このように「女性としてのライフプランを最重視した理由」での30歳での転職は、残念ながら企業に良い印象を与える可能性が少ないのです。

将来的な結婚・出産のために働き方を緩やかにしたい動機だけの女性は、転職ではなく社内での配置や雇用形態の変換、組織改革をめざす方が賢明かもしれません。

◆30歳女性の転職は仕事軸ならOK、自分本位ならNGと判断を
まとめると、30歳の女性が転職を成功させるために、転職決断の判断基準にすべきなのは「スキル」と「年収」への違和感・不満のみということになります。

一方で、働き方や休暇制度など、「待遇を改善したい」という希望のみを判断基準に転職を決断すると、なかなか転職先が決まらない可能性が高いと考えられます。

つまりキャリアプランに基づいた転職こそ、30歳女性の転職成功の秘訣と言えるでしょう。

30歳での転職を決める前に、あなたが転職が必要と判断した基準をいま一度思い出して、本当にいま転職が必要なのかどうか自問自答してみてください。

【合わせて読みたい】
40代転職成功の要!5分でできる、キャリアの棚卸し方法を解説!
40代女性が自分らしく、幸せなキャリアを築くための考え方とは

30歳女性の転職成功に向き・不向きな業種やポジションは?

転職に向けキャリアを振り返る30歳女性

自分の転職理由を再考し、それでも「いま転職すべきだ」と判断したなら、30歳のあなたの転職先として、どんな業種・ポジションが向いているのか考えてきましょう。
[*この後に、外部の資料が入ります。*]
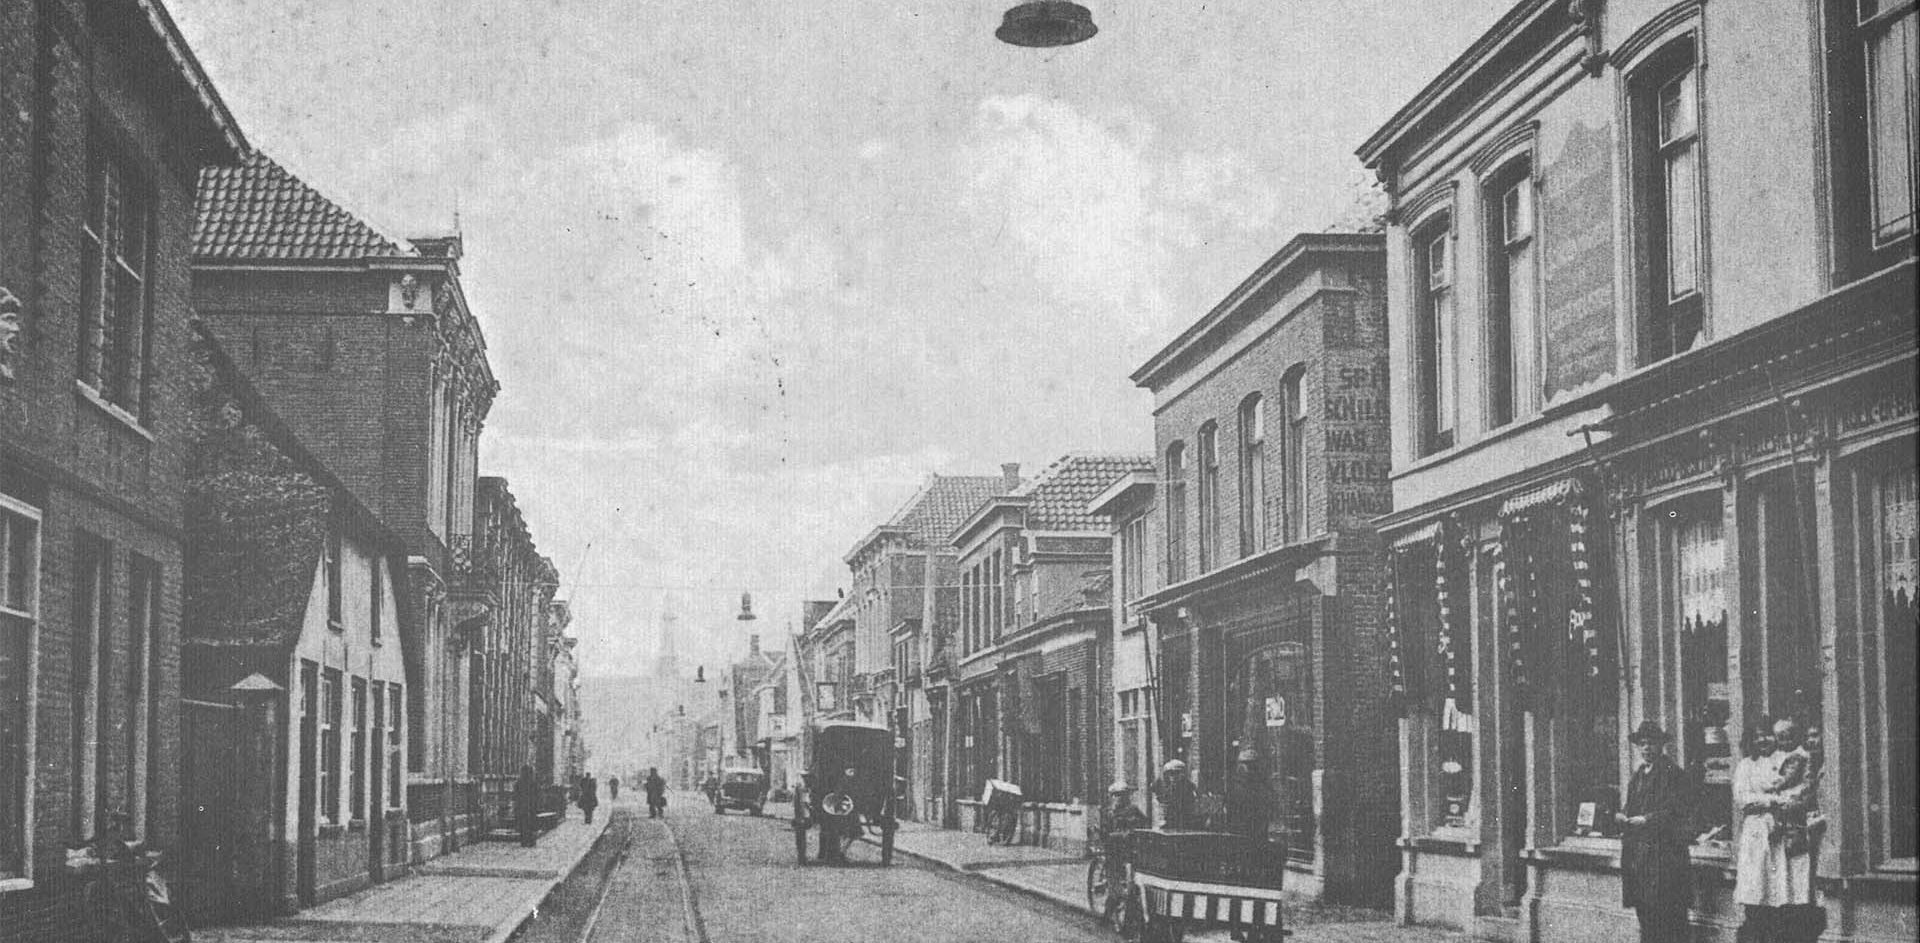 Overzicht van de Grotestraat in Waalwijk in de vorige eeuw waar reclame en beeld nog aan de gevel van een bakkerij hing

以下からは、企業側と求職者側の2つの視点から、30歳の女性転職者に向き・不向きな転職先について解説していきます。

◆20代と30歳以降、女性の転職・採用に起こる変化
企業が中途採用をするとき、20代の転職希望者と30歳以上の転職希望者に求めるものは、それぞれ以下のように異なってきます。

《20代の女性転職者の採用で、企業が重視するもの》
・自社(応募先)の事業内容や、企業理念に対する共感性
・入社後に頑張って活躍したい!という熱意や、自社へのファン心理
・キャリアや働き方について、めざすべきプランを漠然と持っている
・募集している業種に近い、または活かせる経験が少しでもあること
・前職のやり方にかかわらず自社カラーに染まってくれる素直さ、育てやすさ

《30代の女性転職者の採用で、企業が重視するもの》
・専門的、または特定の分野で即戦力となれる実務経験や資格
・自社の事業内容や企業理念への共感性
・経験のある仕事を軸に、状況に応じて仕事の幅を広げていく意欲
・自社の募集内容と、求職者本人の条件が折り合っていること(時間や雇用形態など)
・さまざまな雇用形態・年齢の人とうまく付き合える、人柄の良さ

上記から、30歳以上の女性の転職先として向いているのは「過去に実務経験のある業種」または「過去の経験を活かして挑戦できるポジション」と解釈できます。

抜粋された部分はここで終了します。